4. Mr Yeo agreed that there would be no problem with proceeding, given that the appellant had had a full hearing of her claim before the Adjudicator and now was exercising her right of appeal to the Tribunal.
5. Mr Yeo argued that the Adjudicator’s findings at paragraph 8 of his determination were clearly wrong. They did not fit in with the objective evidence of events in Freetown in 1999. With regard to the point at paragraph 8(v) she had left when she did as she was given the opportunity to do so. He was not seeking to develop the Refugee Convention argument in this appeal but was essentially focusing on Article 3 of the Human Rights Convention. He argued that the finding at paragraph 8(v) was not a good finding in the context of Article 3. Otherwise, the finding at paragraph 8(vi) could not be sustained, since the gradual disclosure was exactly what one would expect from a genuine rape victim. There was no reason to doubt it had occurred. The Adjudicator rejected her reason for not stating this earlier on account of his earlier credibility findings.

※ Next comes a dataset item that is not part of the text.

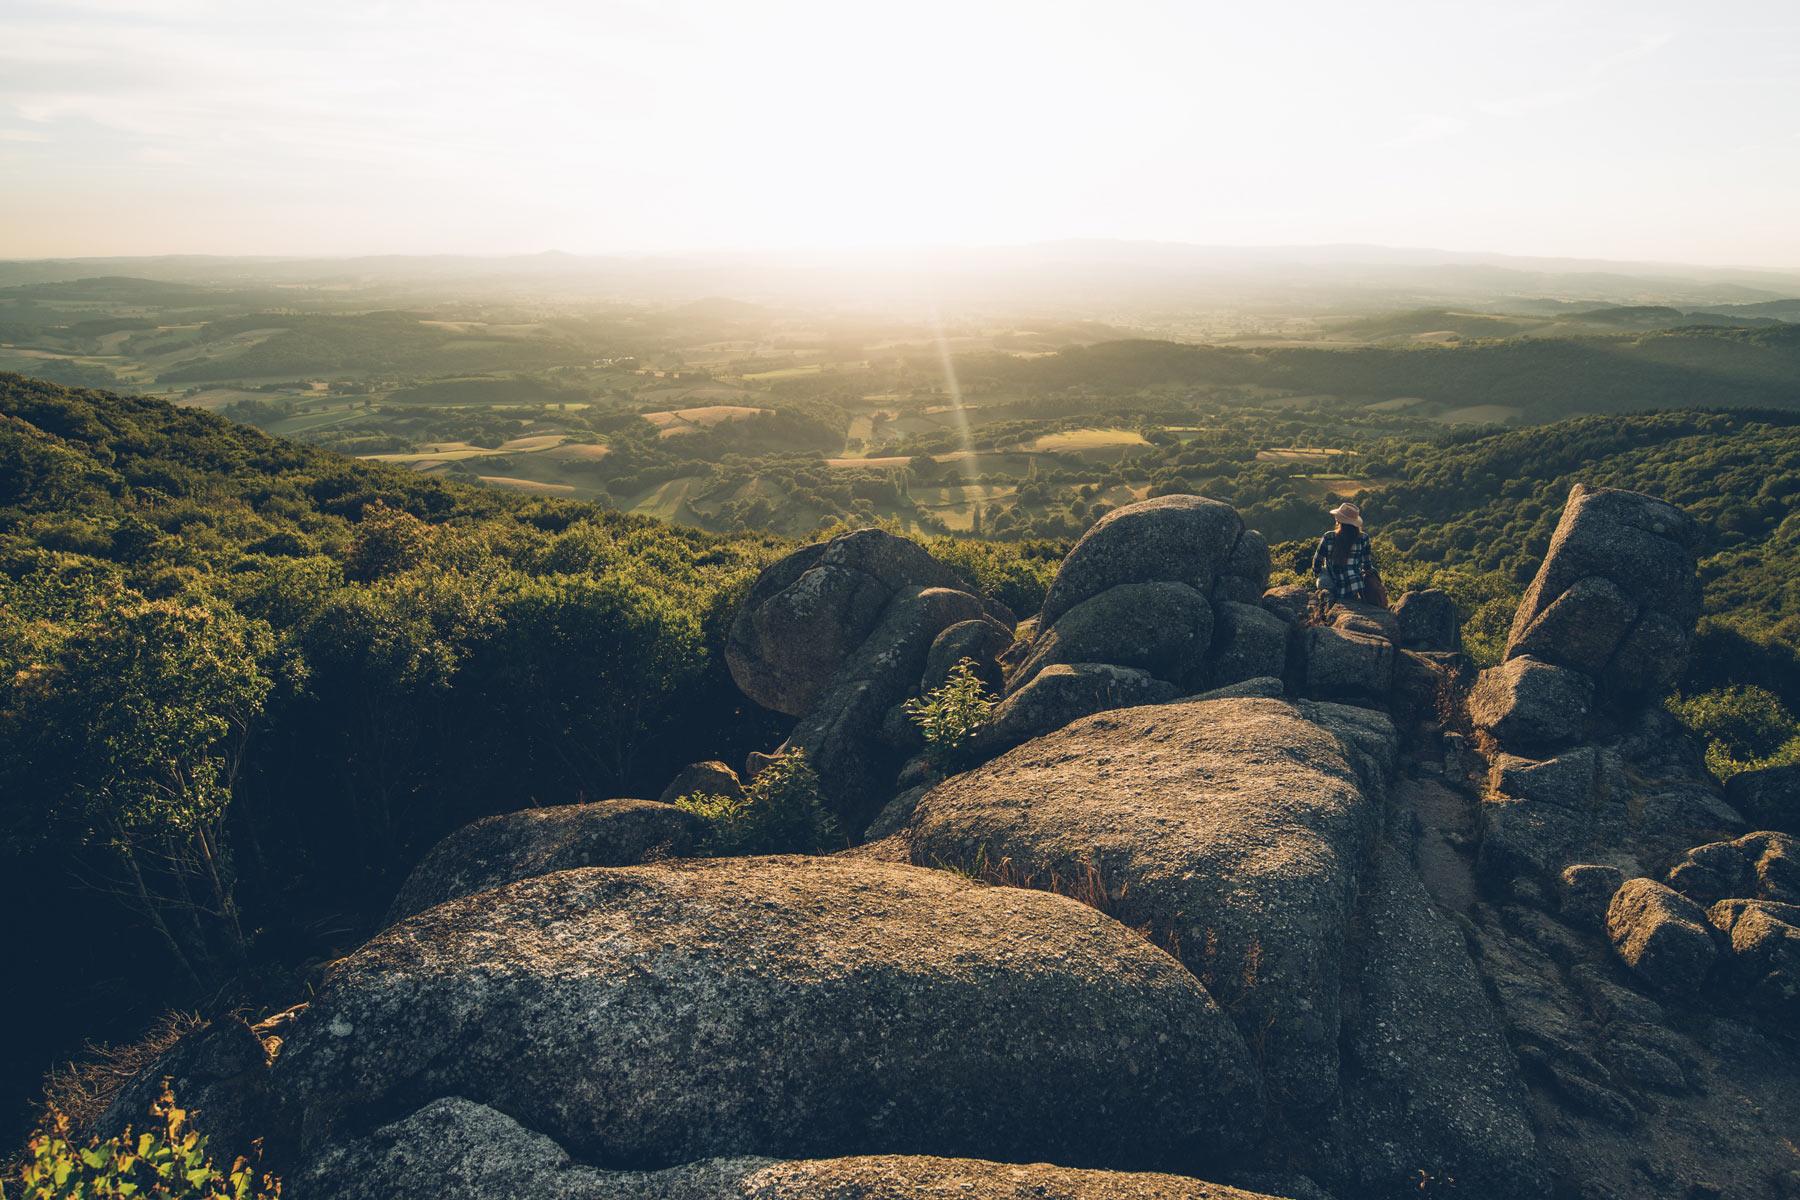 Uchon, Point de vue sur le Morvan depuis les rochers
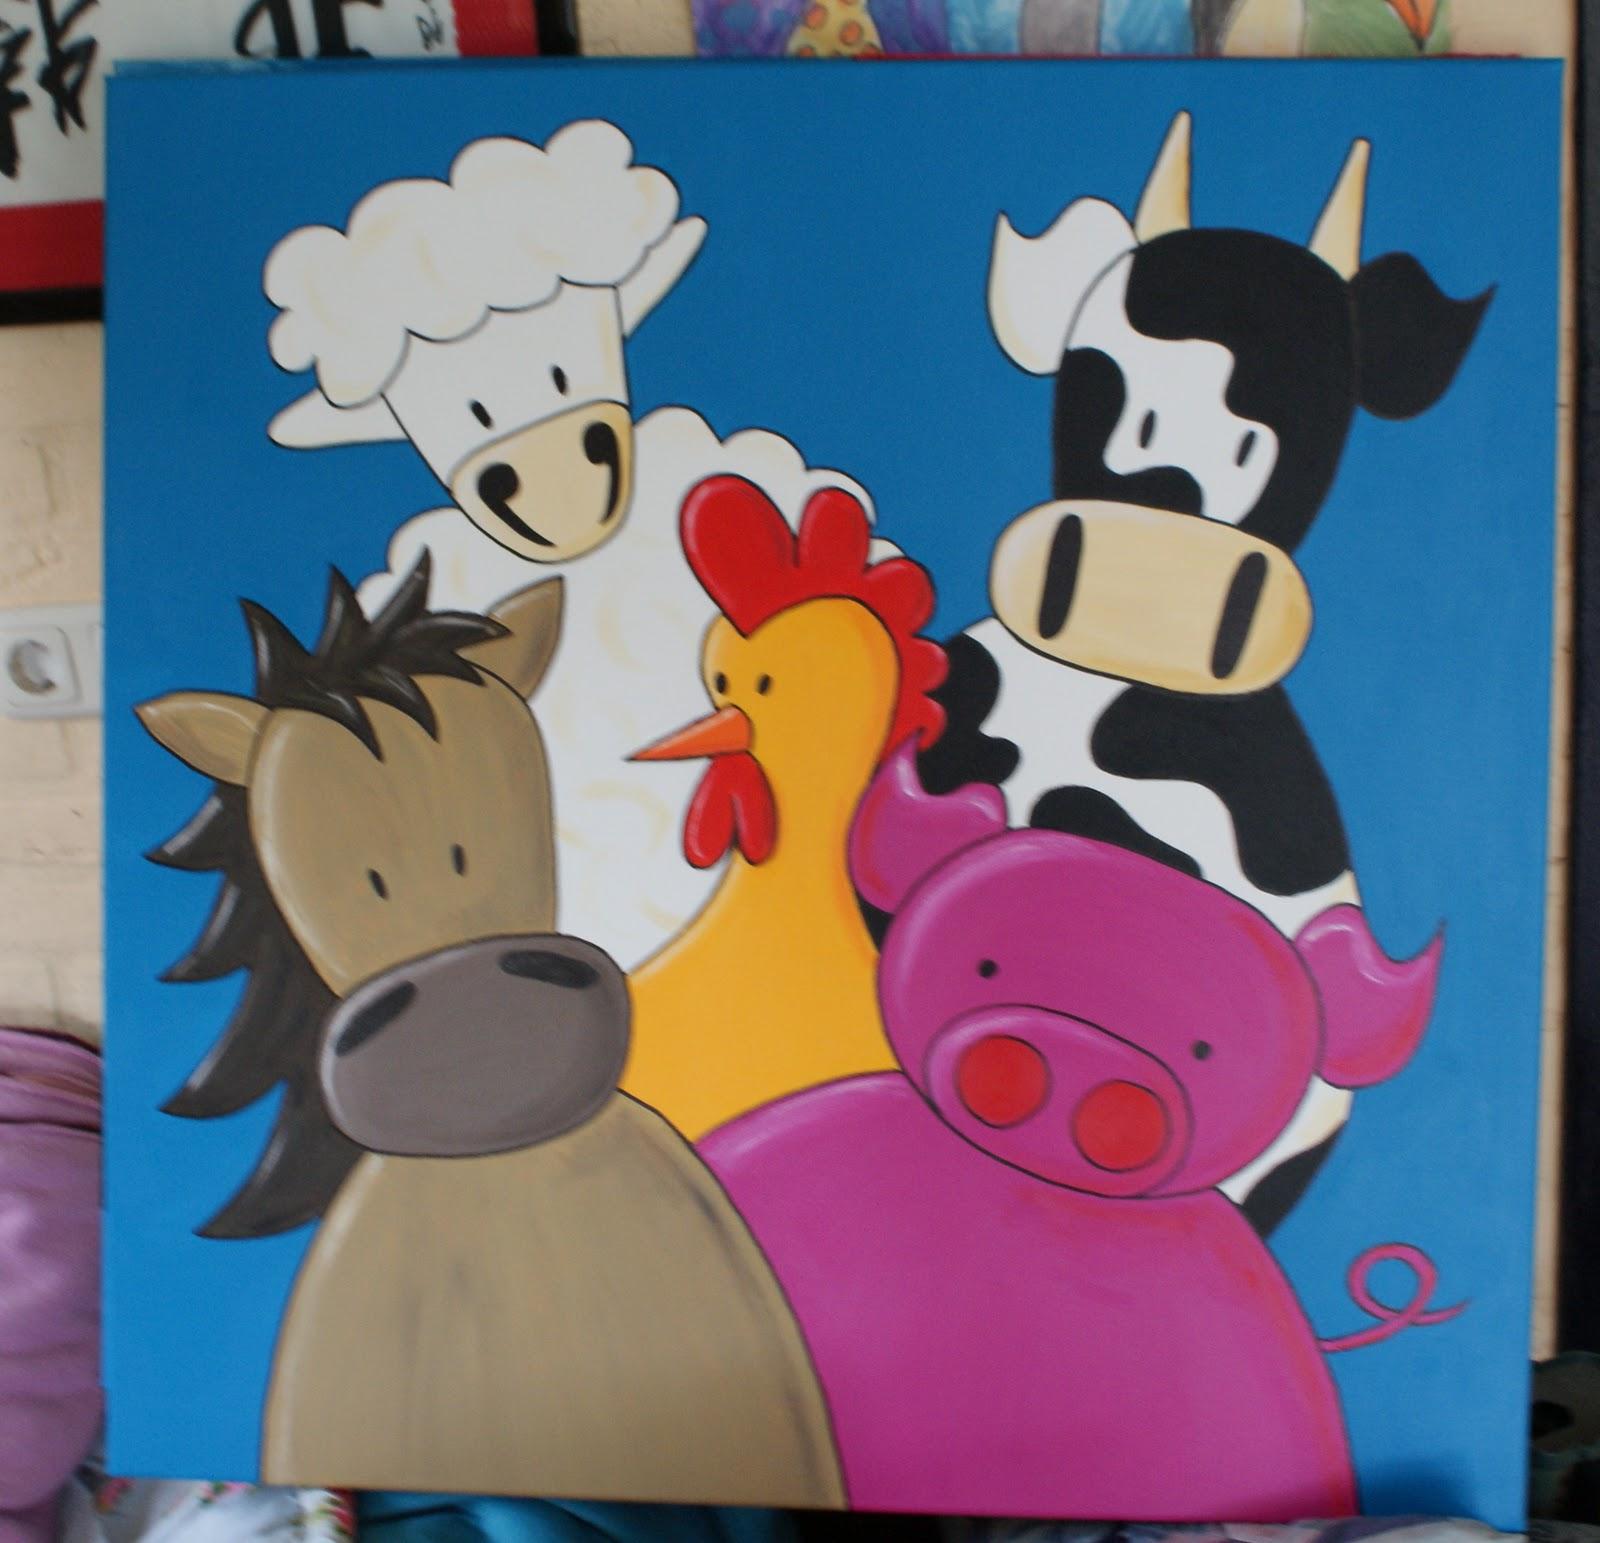 Bekend 8r1id & Bobbeez; wat is nieuw deze maand?: Schilderijen &KE69

6. As regards the Article 3 claim, the finding at paragraph 13 that arguably it would be degrading to return the appellant to Sierra Leone, meant that he should have allowed her appeal. The use of the word “arguably” meant that there was a reasonable degree of likelihood. He was given leave to put in two papers from the UNHCR concerning returns to Sierra Leone. UNHCR did not agree with the Home Office that a case-by-case approach was appropriate, but considered that returns were still not appropriate. Mr Yeo accepted that the peace was holding, but argued that the future was uncertain. The appellant needed treatment but would not get it and the Adjudicator in recommending exceptional leave to remain should have allowed the appeal on human rights grounds.
7. In his submissions, Mr Sheik took us to the UNCHR documentation and argued that it did not show a real risk to the appellant on return. She would be returned to Freetown and there were clearly police on the ground and also there was the UN presence. The appellant was relatively well off and from the capital and had a home to return to. Caution was suggested but the UNCHR were not saying that there was a genuine risk on return. There was no evidence that anti-depressants were not available in Freetown, nor that there was no counselling at all. The credibility findings should be upheld. The appellant had been able to stay in Freetown for two years, which indicated that there was no real risk on return.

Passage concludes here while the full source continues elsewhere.